Случилось это давно, когда он, молодой статный парень только женился. В жёны взял первую красавицу из соседнего села.
Клавдия девушка хоть и не из богатой семьи, зато краше неё было трудно сыскать. Ниже пояса в длину, в два кулака обхватом, коса цвета спелой пшеницы, украшала её хорошенькую головку. Глаза огромные, яркие, как озёра с весенней водой в которых отражалось небо, даже слегка вздёрнутый носик не портил картины, а скорее добавлял игривости её хорошенькому личику, а уж как пела и плясала она, все девки в округе завидовали. Не было ни одного парня, которому она хотя бы раз не приснилась.
Вот ради неё тогда Константин и построил дом.
Думал, жить будут, детей красивых нарожают. Сам он парень был крепкий да работящий, значит, поднять большую семью сможет. Но судьба распорядилась иначе.
Прожили они год, прожили два… три, а деток так и не завелось. Уж он тому виной или она никто не знал.
Только намекать ему мужики стали, что, мол, баба- то у тебя, конечно, красивая, да только порченая.
Он сначала отмахивался, а потом не выдержал, загрустил, да и запил от безысходности. А спьяну и руку на жену подымать стал.
Тут, как назло, из городу стряпчий приехал по какой-то казённой надобности.
В селе его квартировали к Косте с женой.
Дом большой, места много, и детей нет - не будут бегать, серьёзному человеку мешать.
А тот, как Клаву увидел - дар речи потерял.
Да видать ненадолго, раз сумел за пару-тройку дней уговорить её с ним в город уехать.

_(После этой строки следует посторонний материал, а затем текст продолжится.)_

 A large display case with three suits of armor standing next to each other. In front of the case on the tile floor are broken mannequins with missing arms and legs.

Сначала Костик пил с горя по-чёрному.
Потом, вдруг, резко остановился. Выпивать - выпивал, конечно, но не до одури беспробудной, как раньше. А после и вовсе уехал. Несколько лет пропадал, говорят, в городе Клавдию искал.
Нашёл или нет, того никто не знает, только вернулся ни с чем.

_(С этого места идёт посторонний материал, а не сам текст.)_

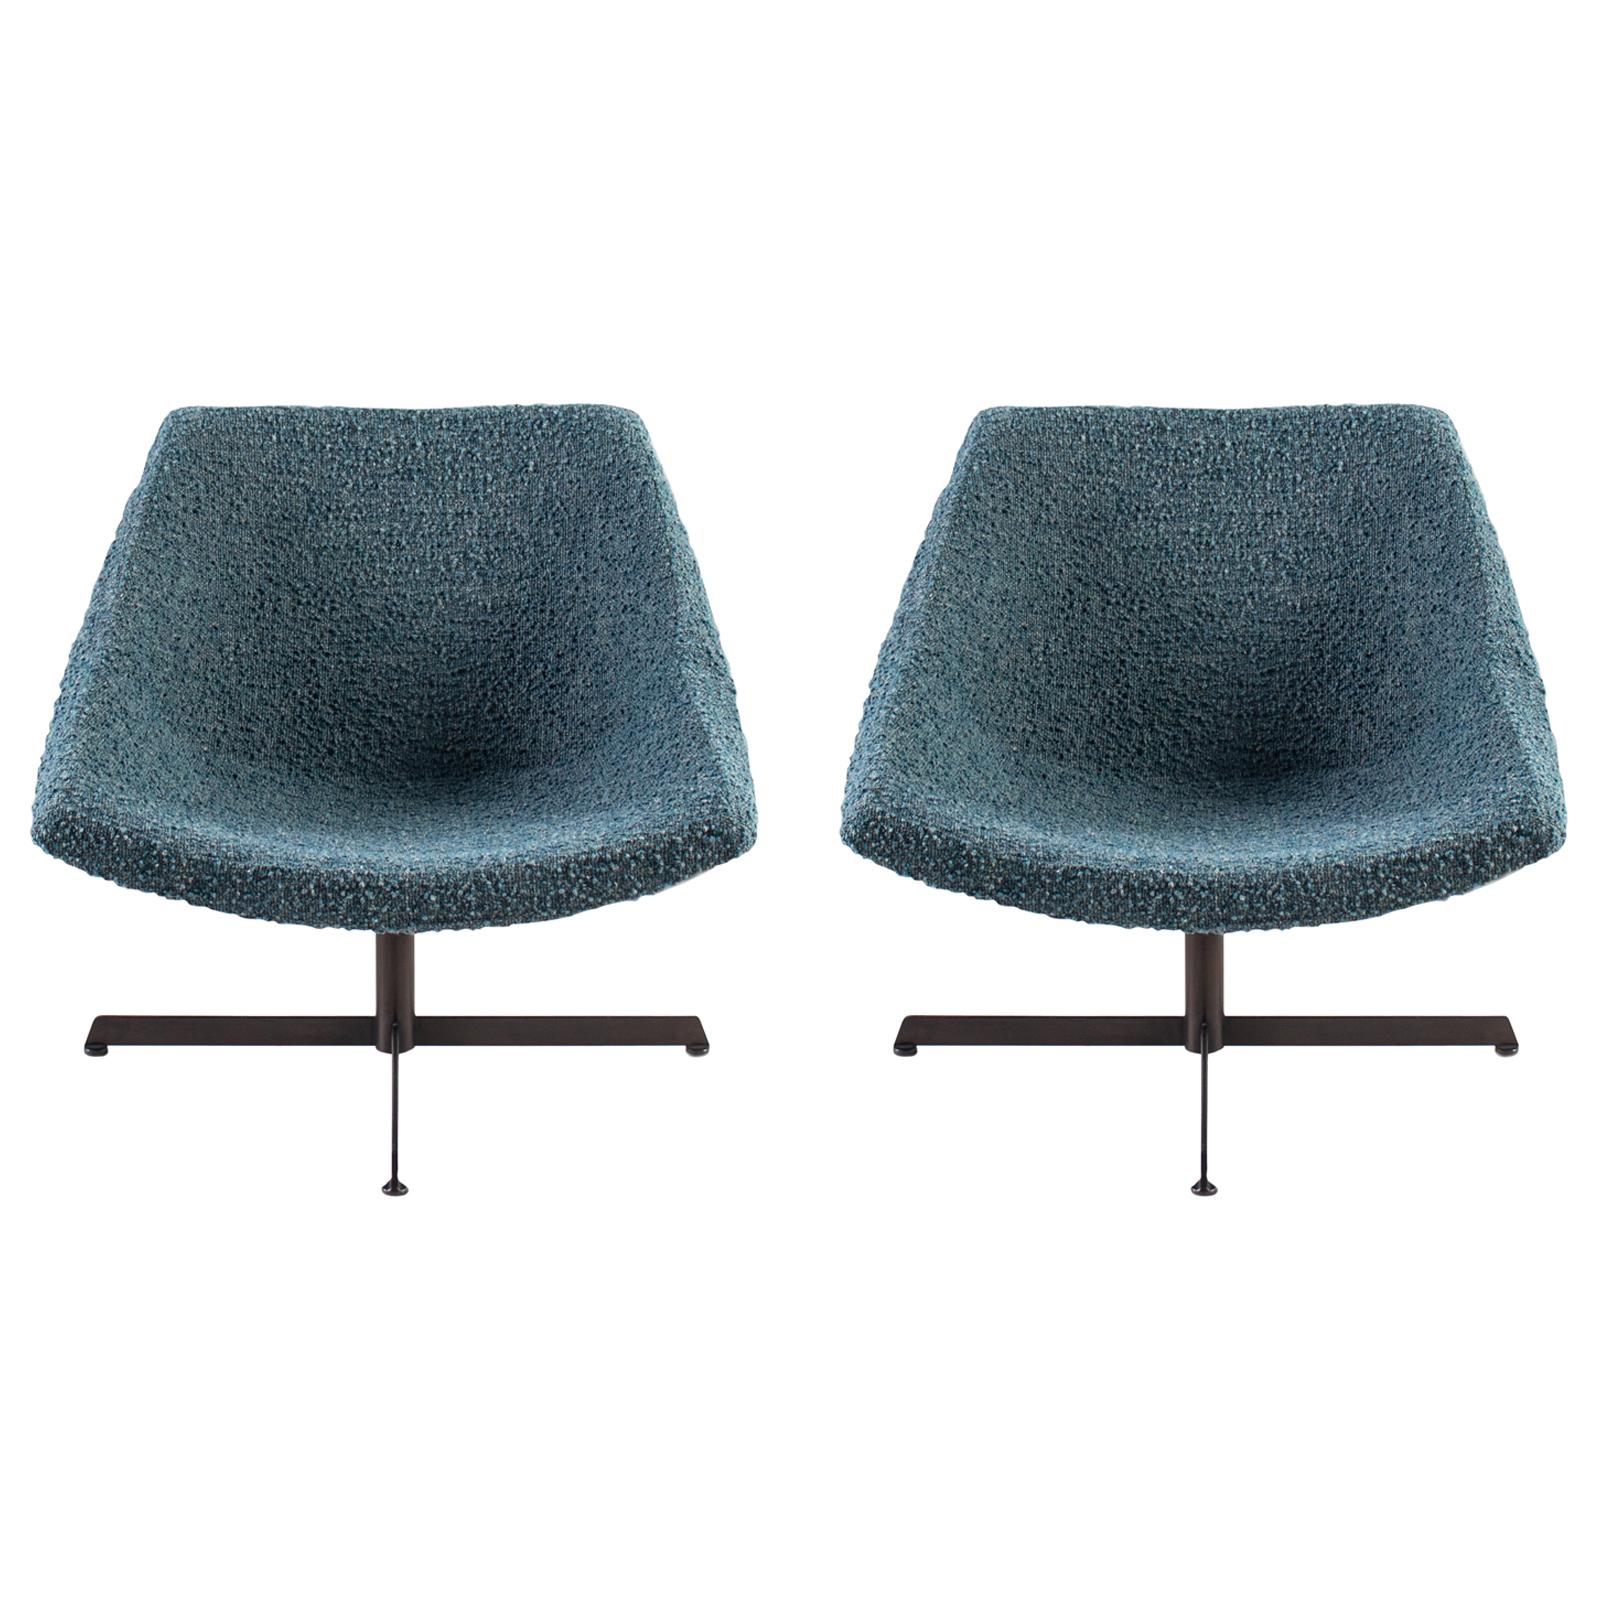 Pair of Mid-Century Modern Chairs Newly Upholstered in Italian Bouche

Стал пастухом и проводил все дни в лесу, в дом свой заходил только переночевать, видать воспоминания о прошлом скребли ещё душу цепкими коготочками.
А в выходные домой и вовсе не захаживал, играл на свадьбах да именинах, там напивался и ночевал.
После того прошёл не один год. Никто его грустным больше не видел. Всегда с шуткой да прибауткой. Видно легче ему так было. Многие бабёнки пытались к нему «клинья подбивать», да только куда уж им после Клавки-то.
Он от одиночества завёл собачонку, назвал Мошкой, за мелкий рост и за то, что постоянно вертелась вокруг него. Вот с ней в лесу и общался.
Чаще просто дремал на солнышке, а Мошка следила за стадом. Если какая скотина отбивалась - собачонка заливалась звонким лаем и загоняла животину к остальным. Дома, окромя Мошки, никакой живности он не держал.
Была у Константина одна слабость. Он обожал сметану. Ее он мог сесть много и хоть с чем. Бабы даже смеялись, что ему сметану со сметаной кушать нравится. Обычно его угощали сметанкой соседи по доброте, ведь коровы у него не было. Если где звали за стол, то обязательно ставили к щам сметану, при этом точно знали, что сначала дед Костик уничтожит именно ее, а уж потом щами заест.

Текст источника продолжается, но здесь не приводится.